More Uruguayans recover visual health with Cuban support
Aug (Prensa Latina) In September, Uruguay’s José Martí Eye Hospital will have more than 90,000 surgeries, 60,000 of them cataracts, said the center’s director, Sandra Medina, quoted today by La República newspaper.
This facility was born in 2007, in the context of Operación Milagro (“Operation Miracle”), as a cataract surgery center, although over the years it has incorporated diagnostic study equipment and advanced surgical treatments, she explained.
Since then, the Cuban and Uruguayan specialists have consulted 700,000 patients at the hospital, and another 15,000 in the interior of the country, while carrying out nine checks on children in schools through the Visual Health Program.
Out of the 90,000 surgeries, 60,000 were due to cataracts, the first cause of reversible blindness in the country, and the rest were corneal operations (transplants, refractive surgery and cross-linking for the treatment of keratoconus), she said.
The incorporation of advanced technology, financed by the State Health Services Administration, allows all stages of eye care to be treated in this place, from the medical, preventive, surgical to rehabilitation, according to Medina.

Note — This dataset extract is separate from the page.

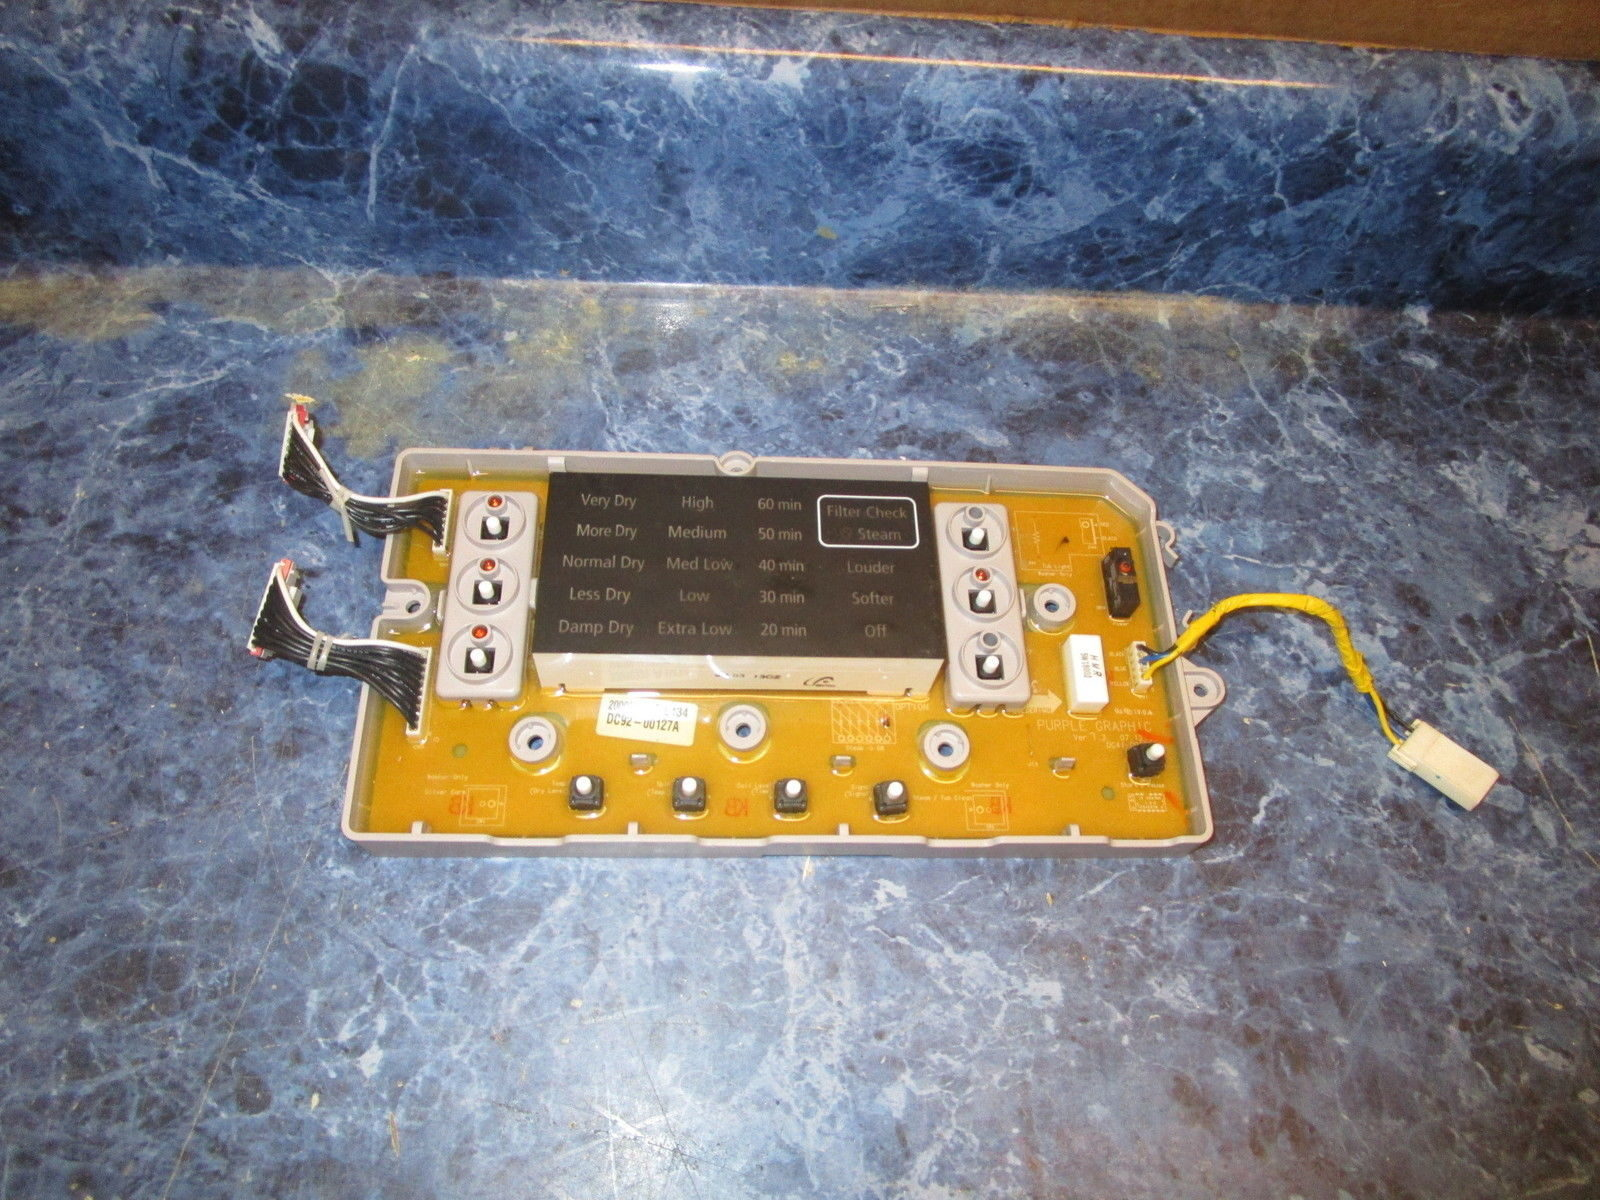 DC9200127A Archives - DIY Appliance Repair Parts

On November 27, 2007, the physical space of the Eye Hospital was inaugurated on the grounds of Saint Bois Hospital, in the context of Operation Miracle, an initiative promoted by Cuban and Venezuelan leaders Fidel Castro and Hugo Chávez to treat the most dispossessed free of charge and avoid preventable blindness.
On July 24, 2009, on the occasion of the 10,000 cataract operations, the Eye Hospital was named José Martí, in honor of the Cuban independence hero.